ACTIVITY = Every entry is to be transcribed as it stands. Images stay out.

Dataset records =
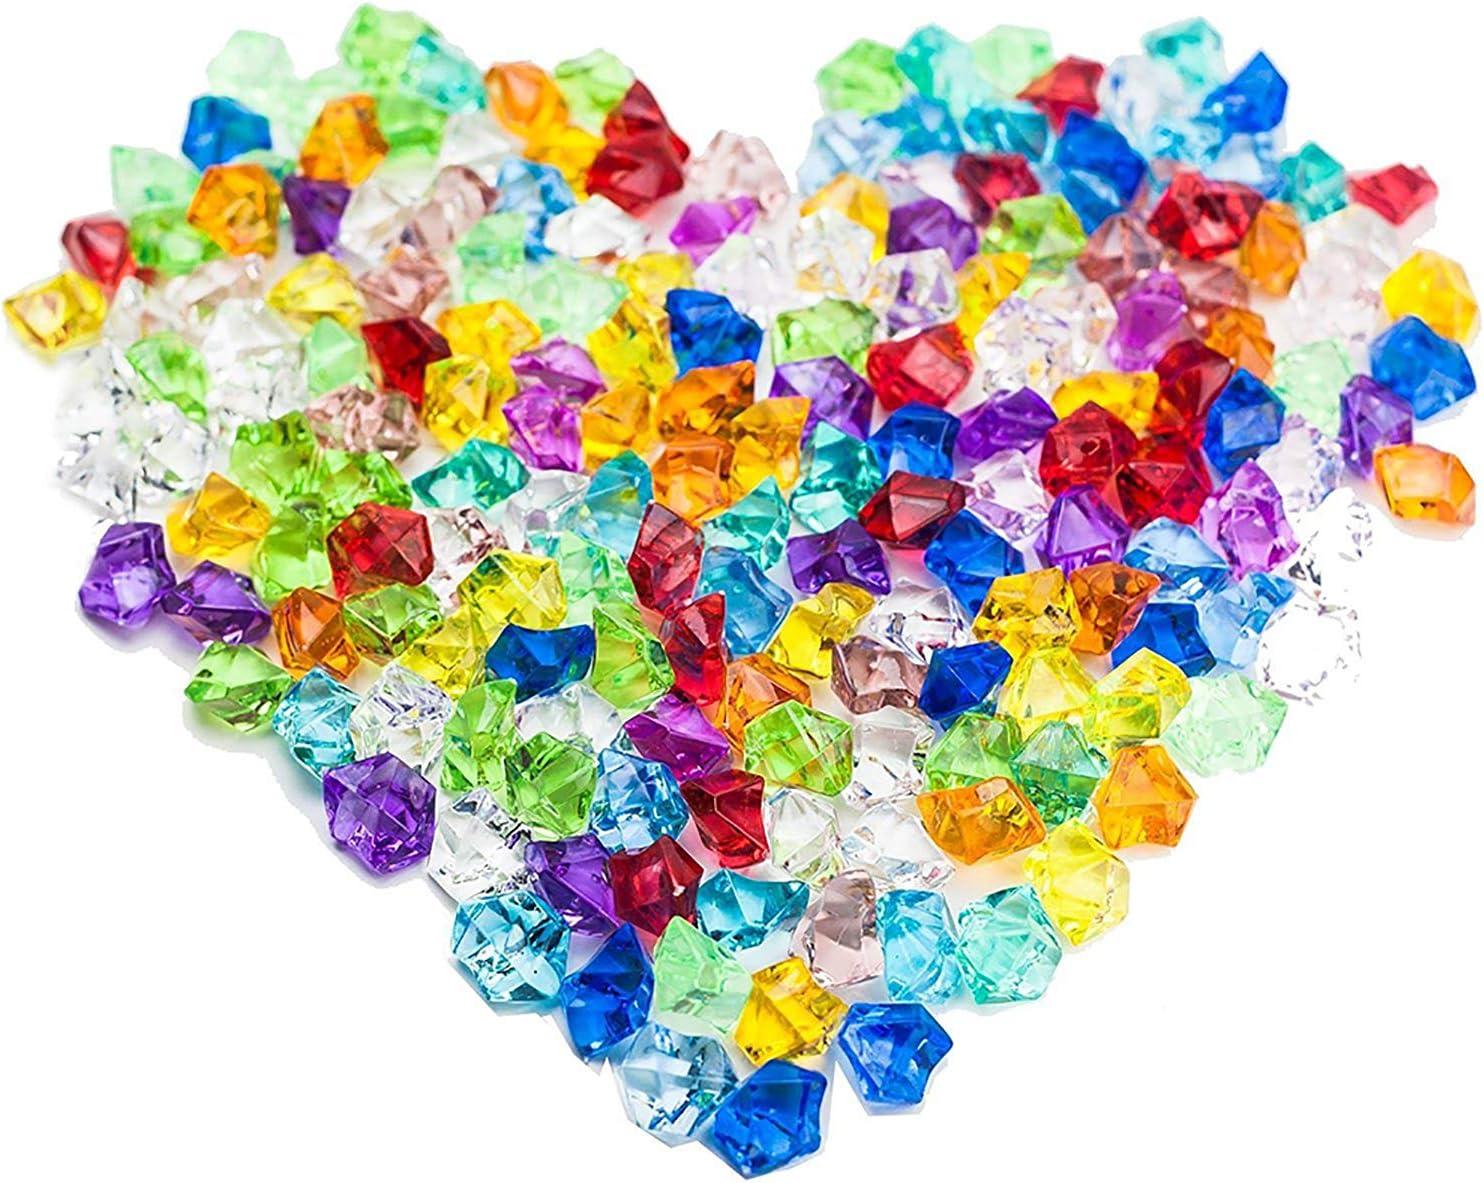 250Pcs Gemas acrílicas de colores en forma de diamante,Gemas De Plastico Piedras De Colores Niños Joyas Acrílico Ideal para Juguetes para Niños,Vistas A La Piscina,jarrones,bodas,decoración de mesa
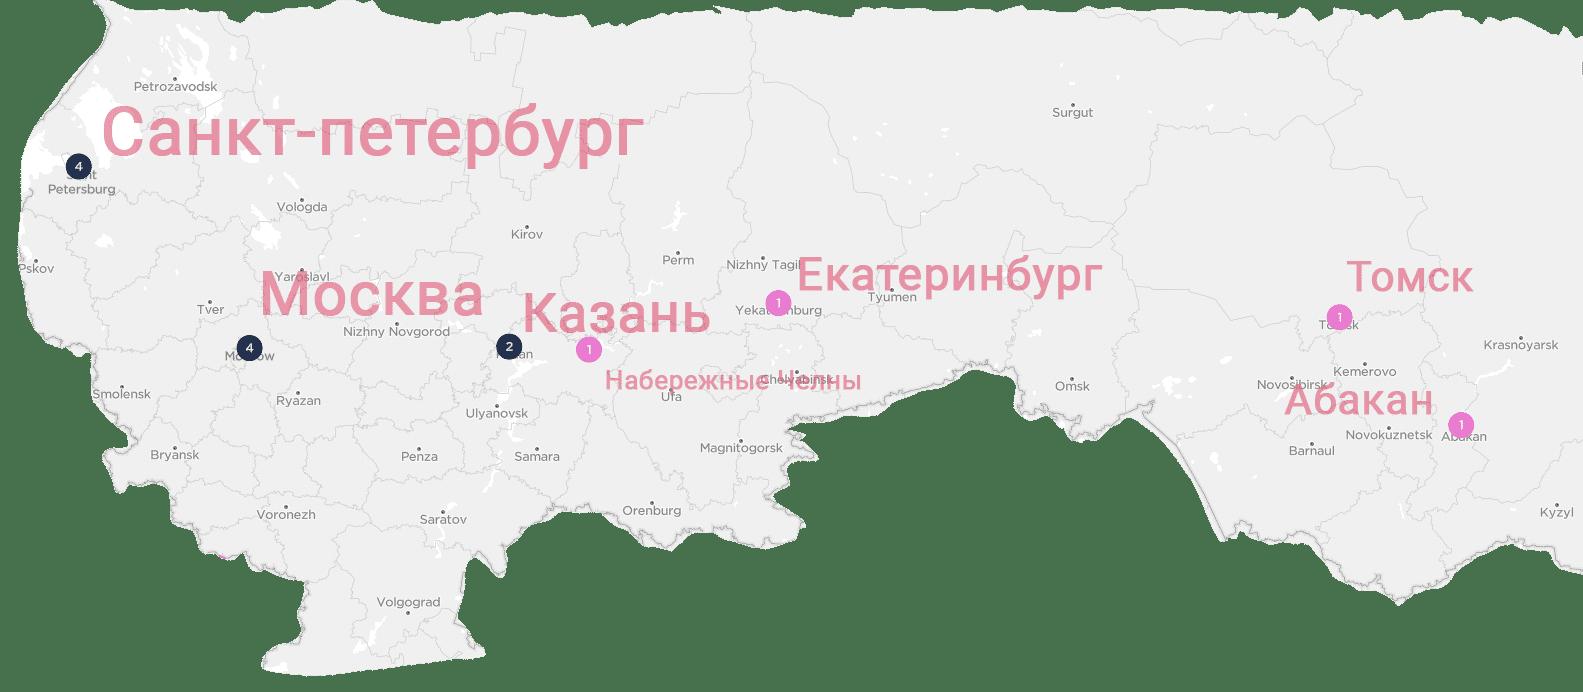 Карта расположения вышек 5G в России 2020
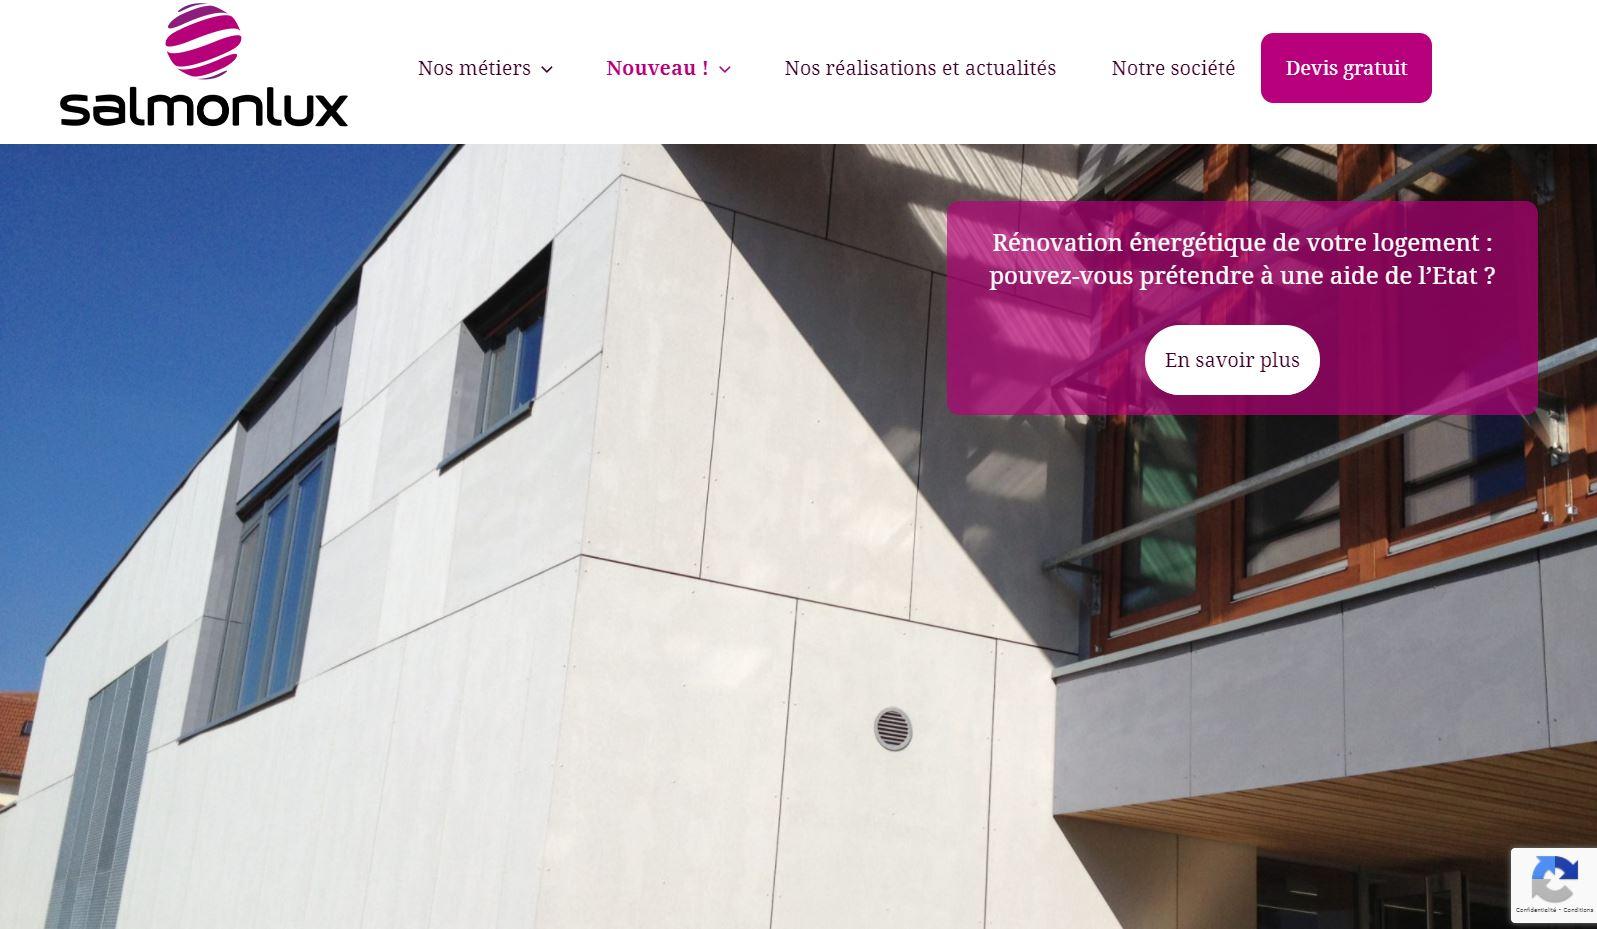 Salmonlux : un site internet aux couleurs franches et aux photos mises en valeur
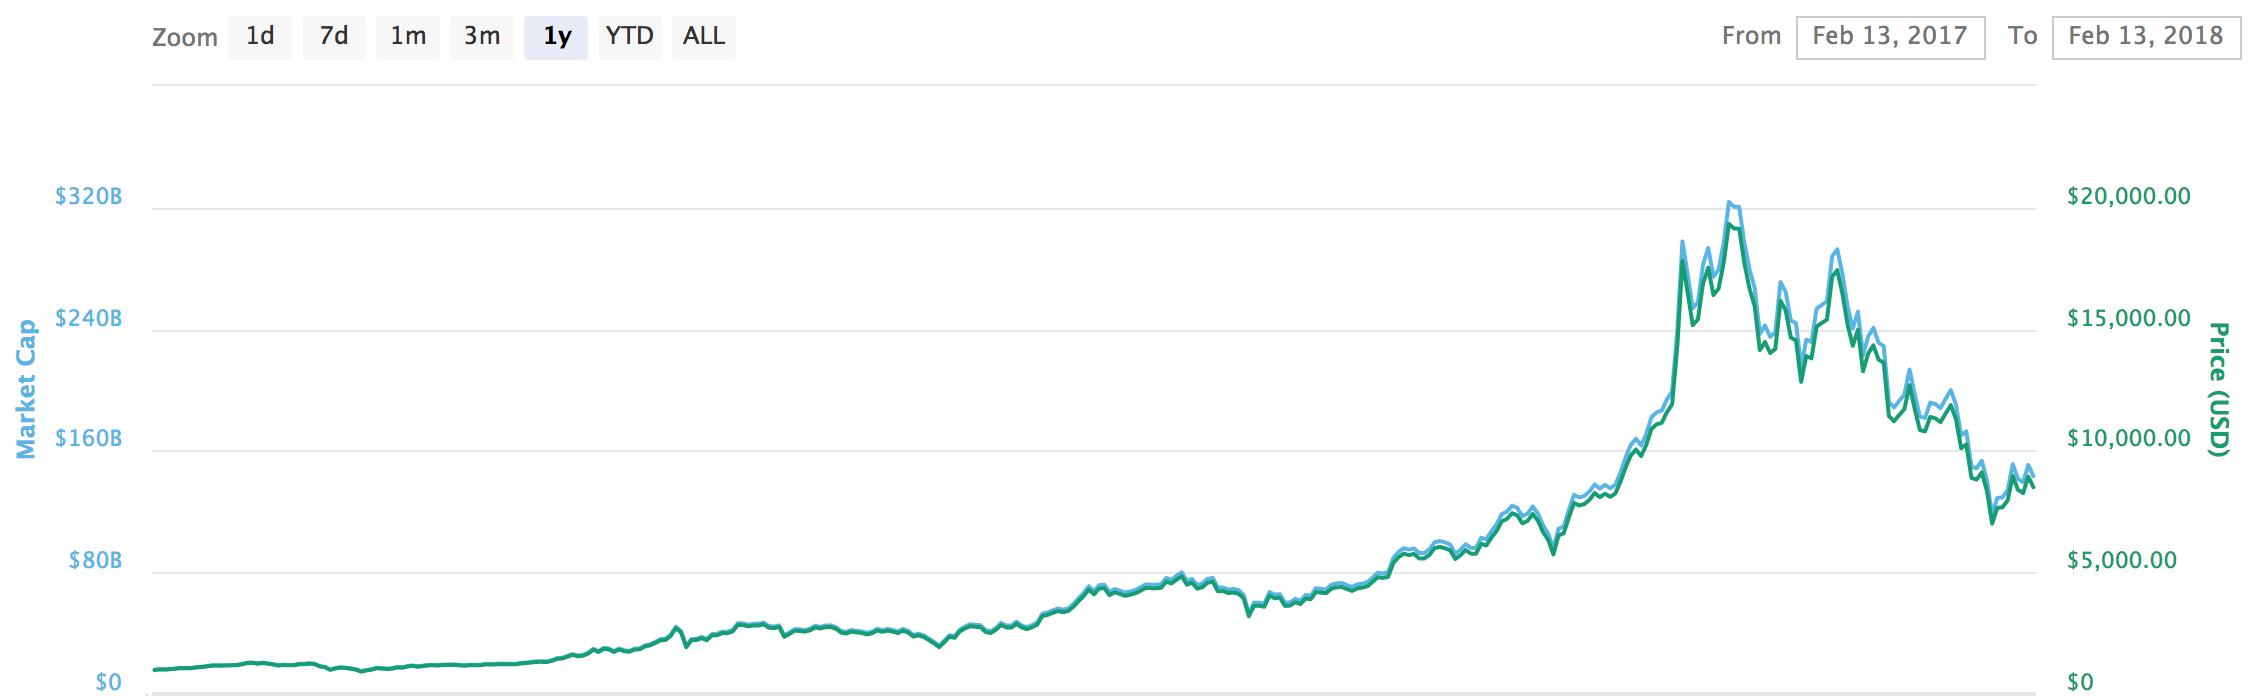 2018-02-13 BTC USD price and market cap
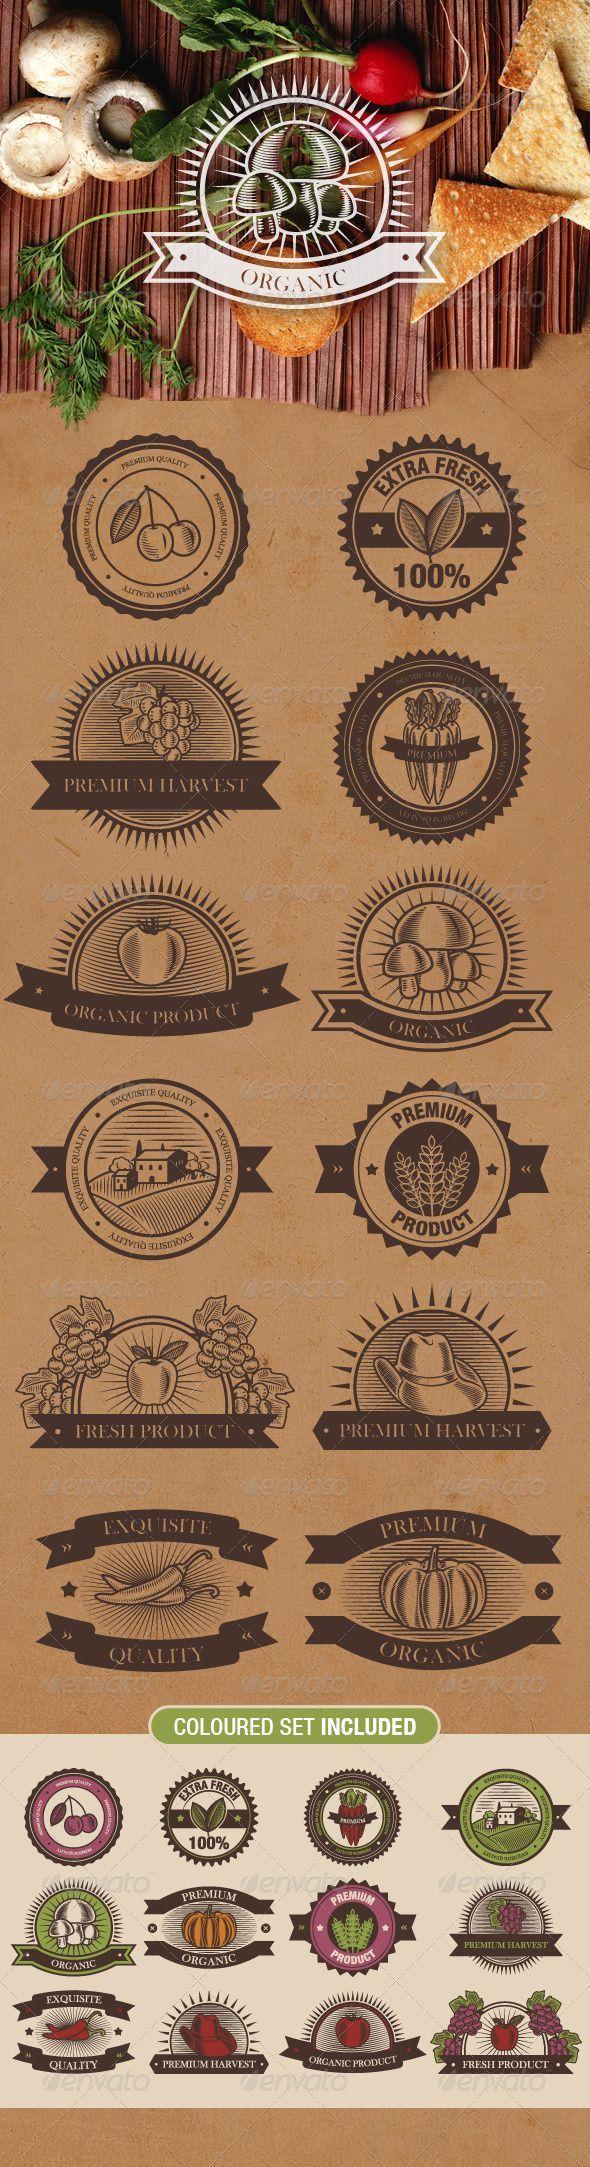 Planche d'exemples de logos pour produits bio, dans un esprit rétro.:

SOLUTION FOR THIS TASK =
 250Pcs Gemas acrílicas de colores en forma de diamante,Gemas De Plastico Piedras De Colores Niños Joyas Acrílico Ideal para Juguetes para Niños,Vistas A La Piscina,jarrones,bodas,decoración de mesa
 Карта расположения вышек 5G в России 2020
 Salmonlux : un site internet aux couleurs franches et aux photos mises en valeur
 2018-02-13 BTC USD price and market cap
 Planche d'exemples de logos pour produits bio, dans un esprit rétro.:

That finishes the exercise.